Task instructions: Copy every line of the data below exactly as given, except for the pictures.

Exercise data:
┌──

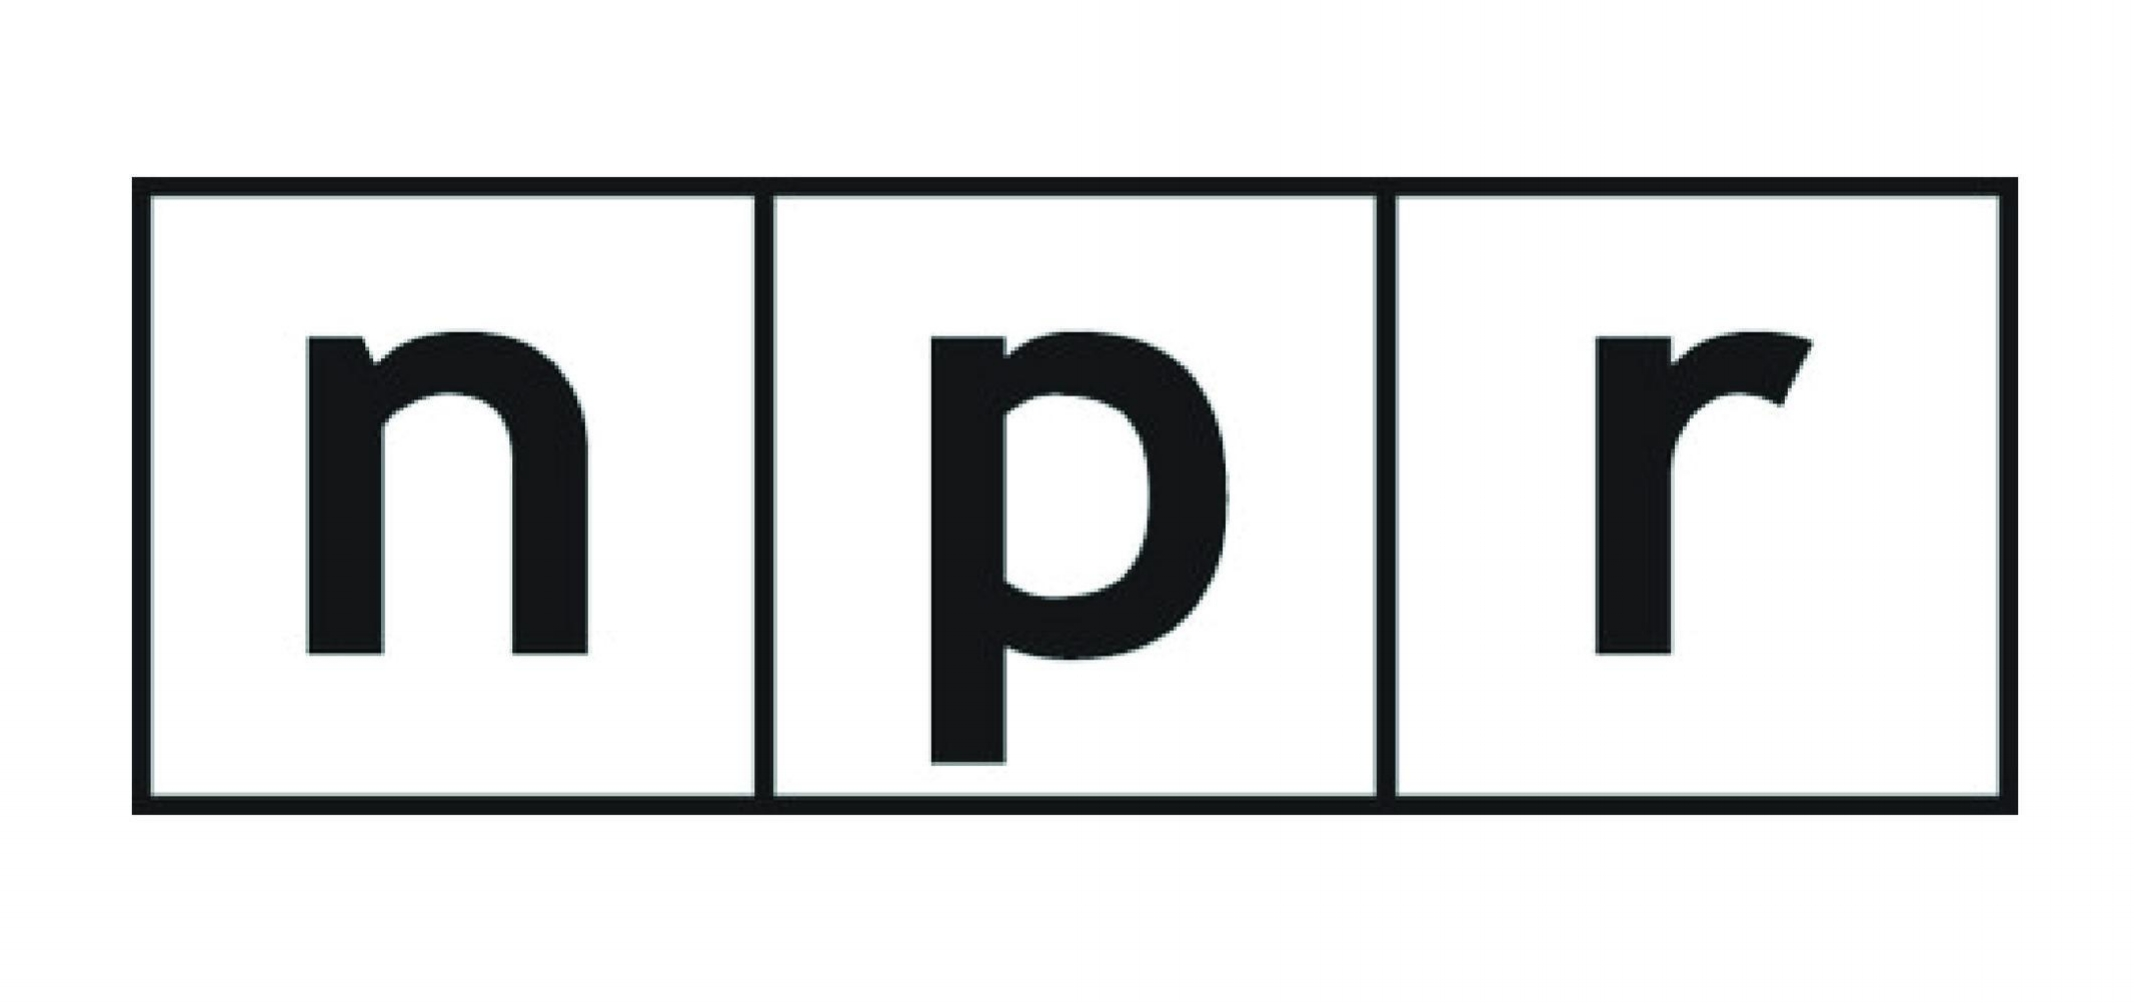 NPR Cover Image-01.jpg
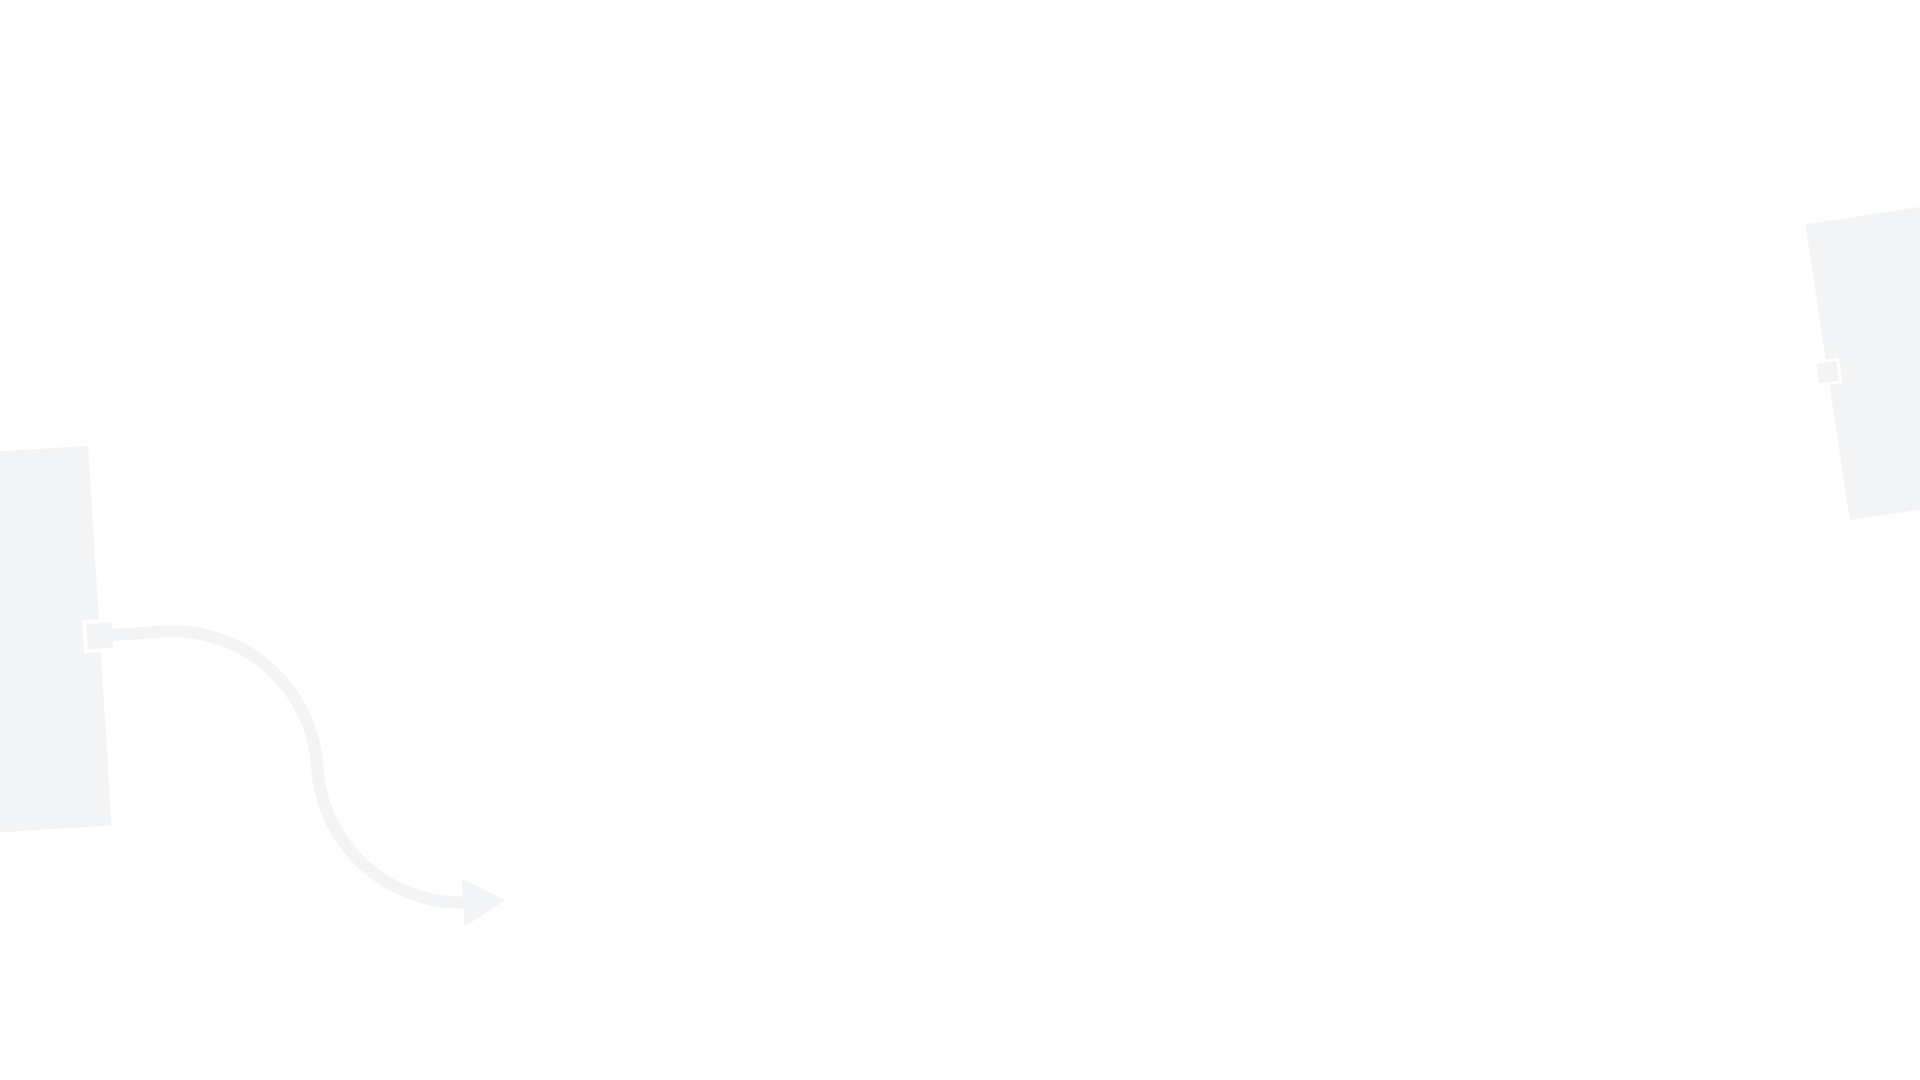 BG_Texture_arrows_v7
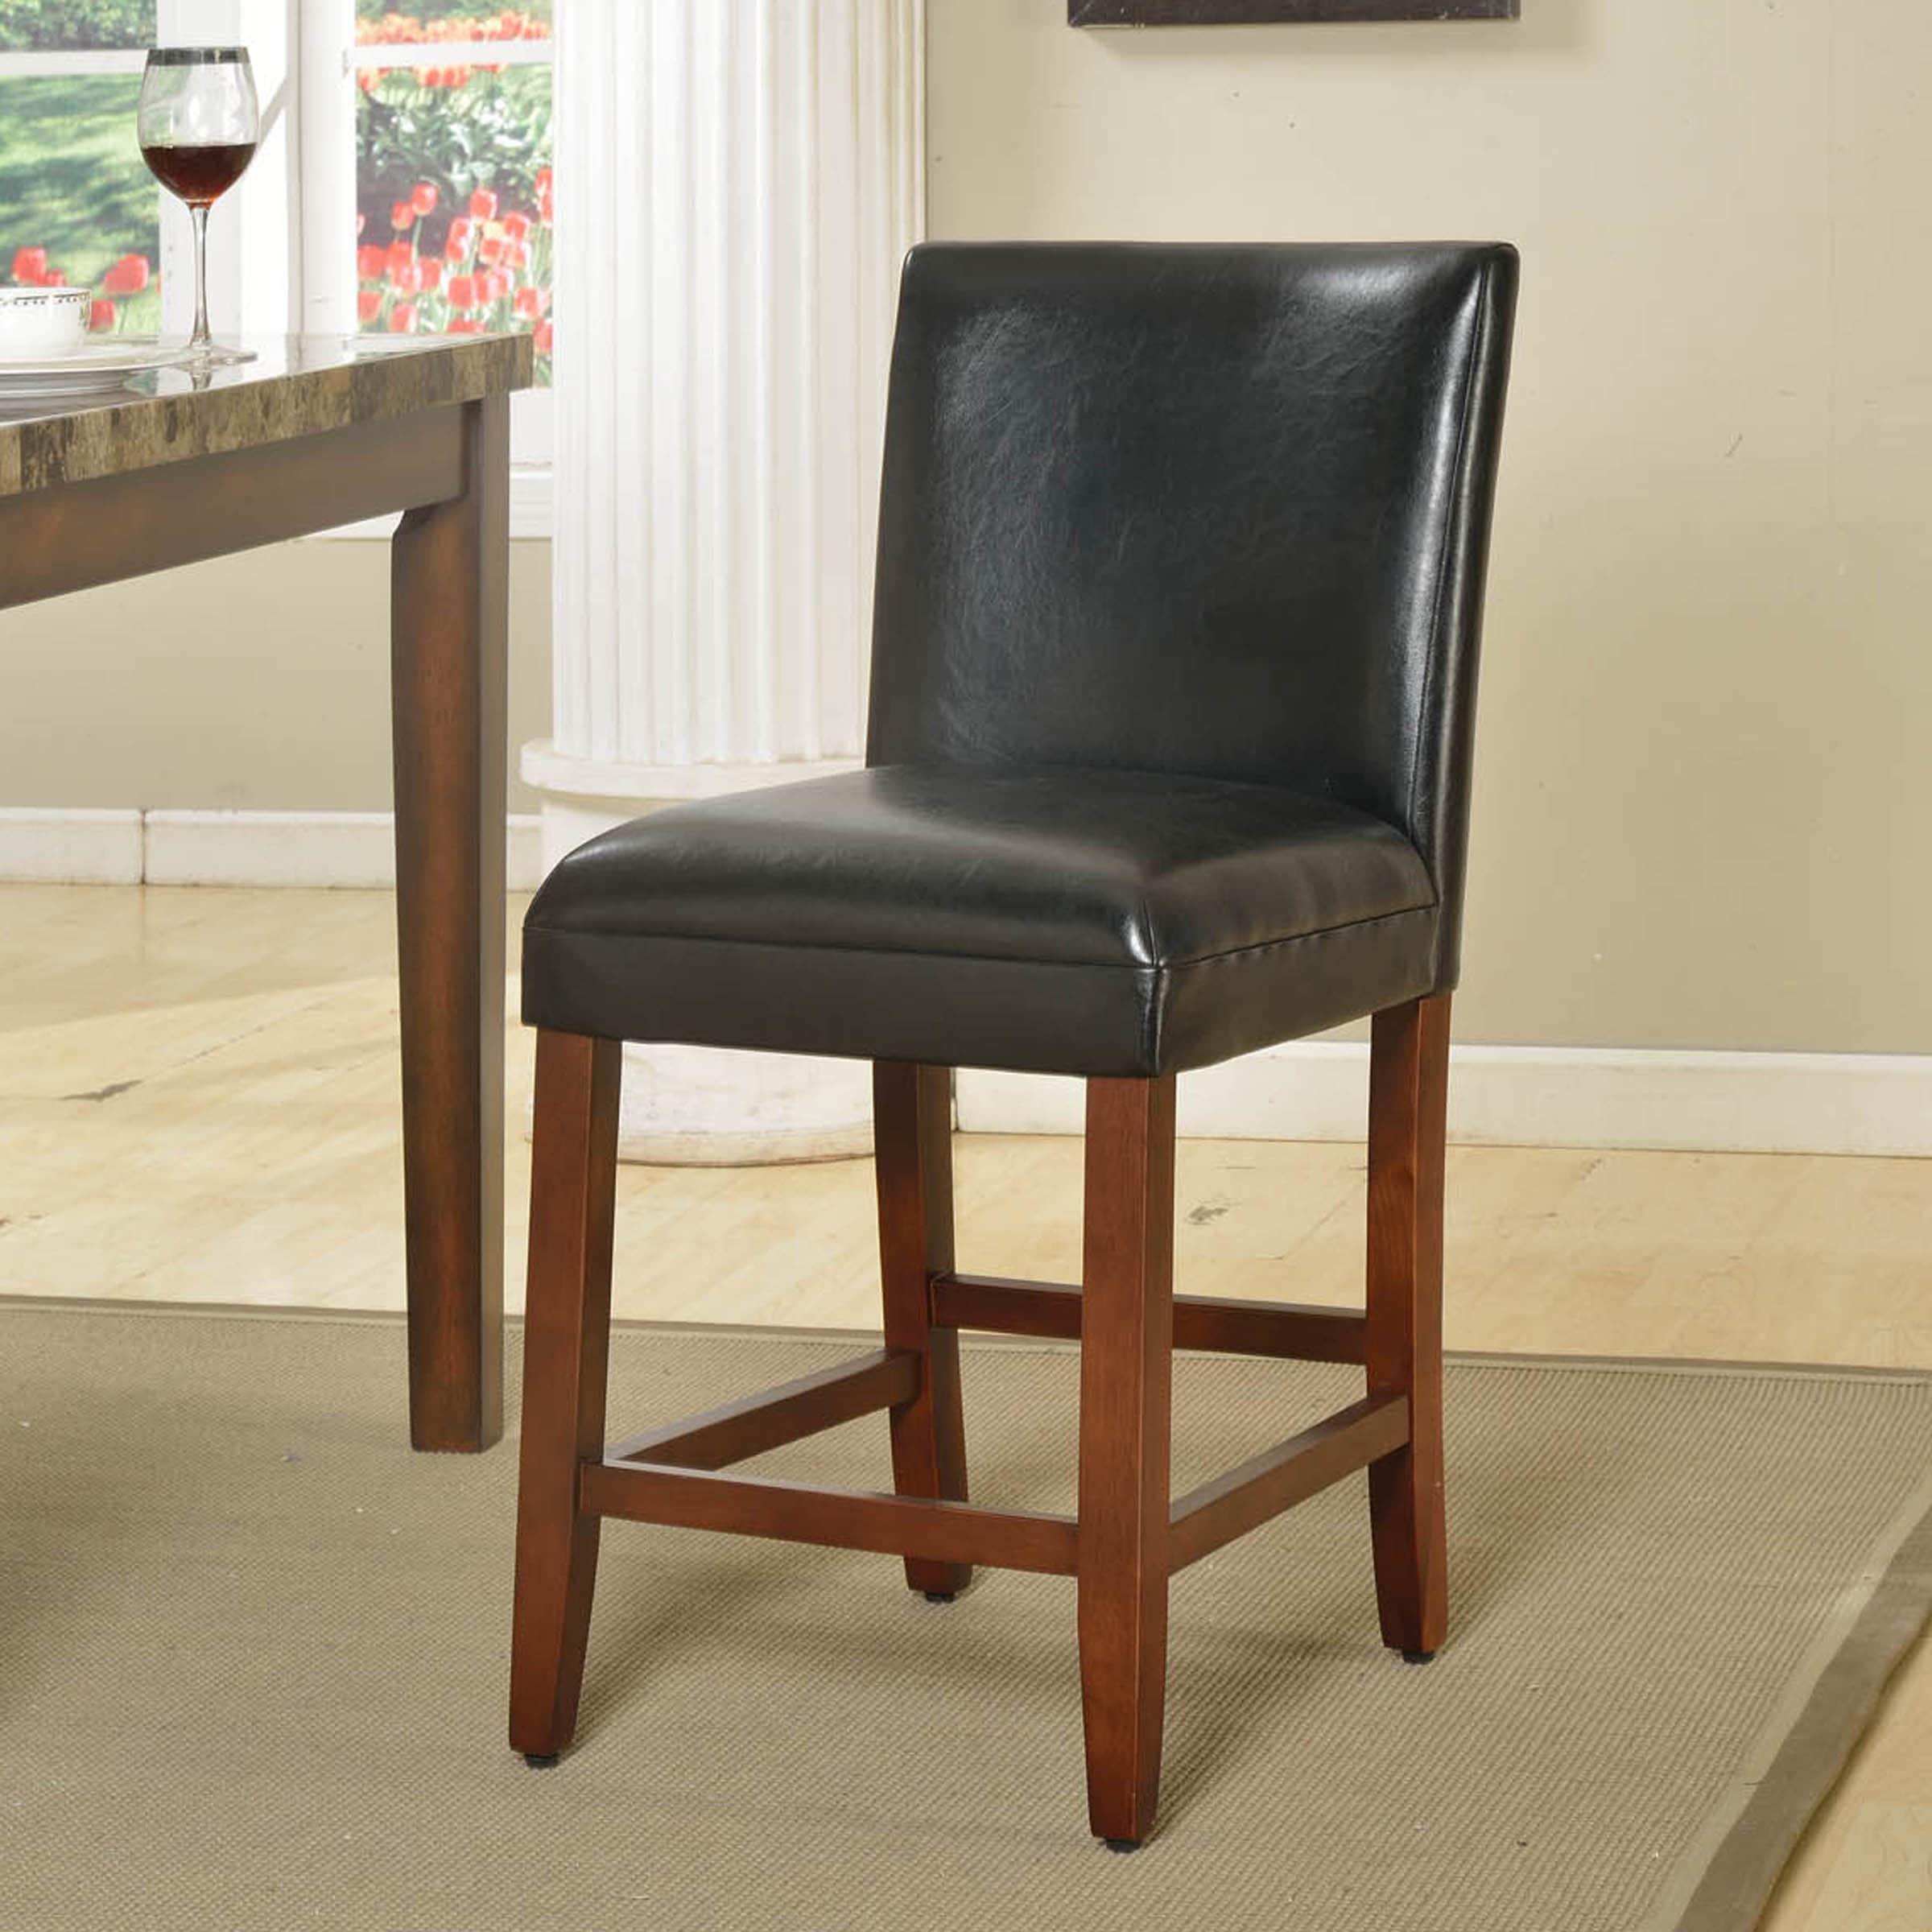 Remarkable Homepop 24 Inch Luxury Black Faux Leather Barstool Evergreenethics Interior Chair Design Evergreenethicsorg

└──

Your response:
 NPR Cover Image-01.jpg
 BG_Texture_arrows_v7
 Remarkable Homepop 24 Inch Luxury Black Faux Leather Barstool Evergreenethics Interior Chair Design Evergreenethicsorg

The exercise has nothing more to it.